What all this shows, I think, is that the case stretches the boundary of insider trading liability. The misappropriation theory requires that you use information that belongs to the principal. Could one construct an argument based on corporate opportunities, agency law, Brophy and Toll that Sokol's information belonged to Berkshire-Hathaway? I've tried to play around with that in the preceding paragraphs, but I remain unpersuaded that there is a violation of federal law here.
Finally, Larry asks:
My question: what should federal law have to do with all this? The “hook” for federal securities liability is the trading in Lubrizol — but the breach of duty that triggers liability has to do with the details of Sokol’s dealings with Buffett and Berkshire. This, as I’ve said before, is appropriately a matter of state law. See my article, Federalism and Insider Trading, 6 Supreme Court Economic Review, 123 (1998).
A fair question, but one that I think has a good answer.
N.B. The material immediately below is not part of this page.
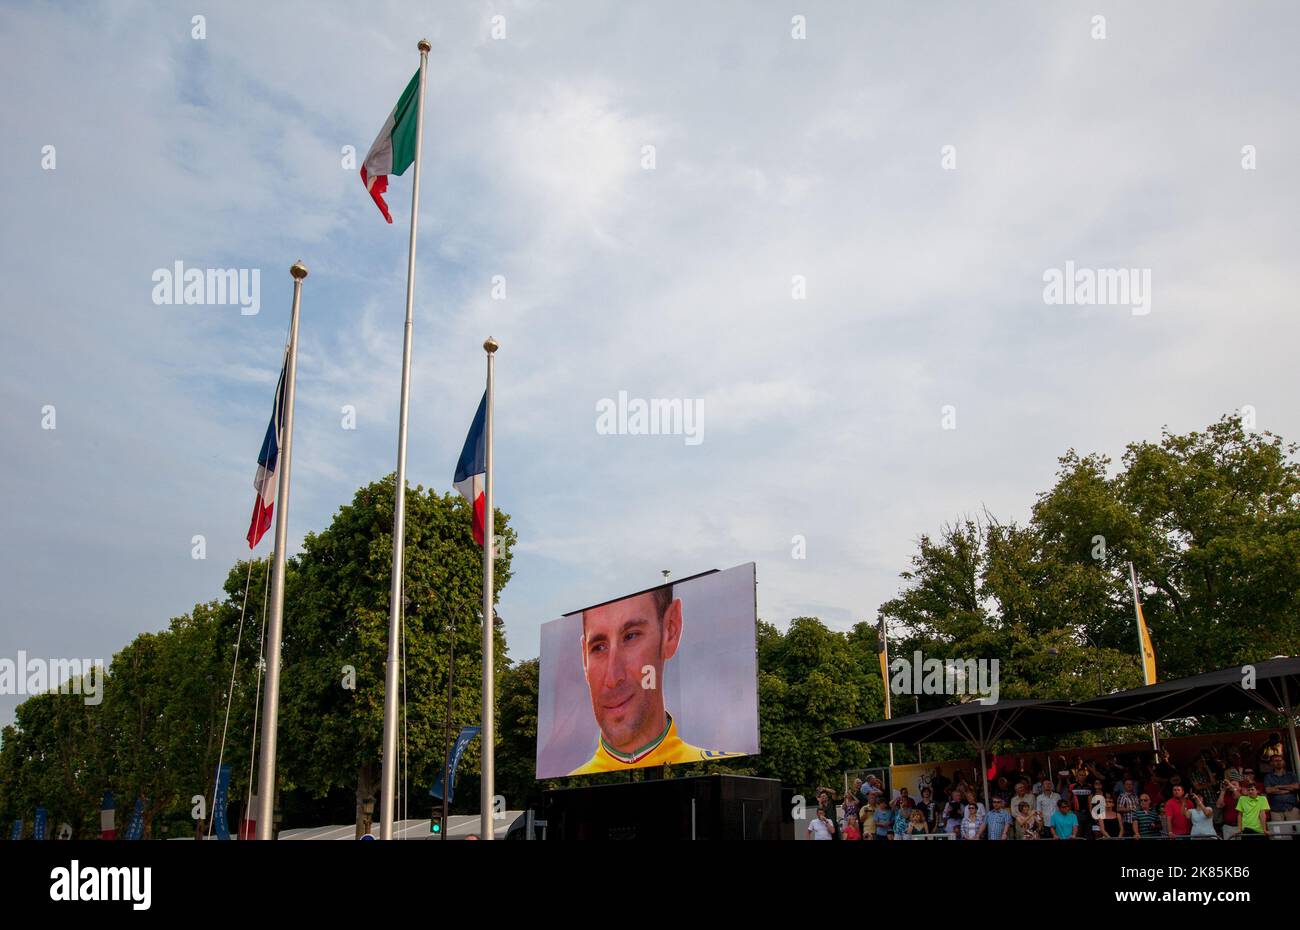 Étape 21 Tour de France Evry - Paris champs Elyesse - Vincenzo Nibali sur le podium tandis que le drapeau italien s'affiche dans le vent Banque D'Images

I addressed this point at length (pp. 39-45, 83-84) of The Law and Economics of Insider Trading: A Comprehensive Primer, and even more length in Incorporating State Law Fiduciary Duties into the Federal Insider Trading Prohibition, 52 Washington and Lee Law Review 1189 (1995).
I argue that insider trading is not defined in the federal securities statutes. Instead, its definition has evolved through a process of common-law adjudication. At the core of the resulting rule is a requirement that the alleged inside trade constitute a breach of the trader's fiduciary duty to refrain from self-dealing in confidential information. Once the substantive definition of insider trading is viewed as a species of federal common law, the question arises whether federal courts should incorporate state law as the rule of decision or create a unique federal standard. I demonstrate that the insider trading prohibition can be justified only as a mechanism for protecting property rights in information. As such, the prohibition has relatively little to do with the traditional securities regulation concerns of disclosure and fraud. To the contrary, insider trading became a matter of federal concern because of the SEC's self-interest and that of some of its regulatory constituents. To be sure, the exigencies of detecting and prosecuting insider trading warrant a continuing federal regulatory role. Because there is no significant federal policy interest at stake, however, there is no reason to create a unique federal rule defining insider trading. Instead, courts should adopt state law fiduciary duty principles as the rule of decision.
Granted, reliance on state law will complicate insider trading prosecutions. But no more so than in any other case where state standards are incorporated into federal common law. In any case, there are affirmative reasons to adopt state law as the rule of decision. By acknowledging that insider trading is primarily a matter for state law, like all other questions of fiduciary duty, this approach accords proper deference to the states' position as the primary regulator of corporate governance questions. Finally, because state law fiduciary duty rules are designed to protect property rights, looking to them to define insider trading will more clearly tie the prohibition to the rationale for regulating insider trading.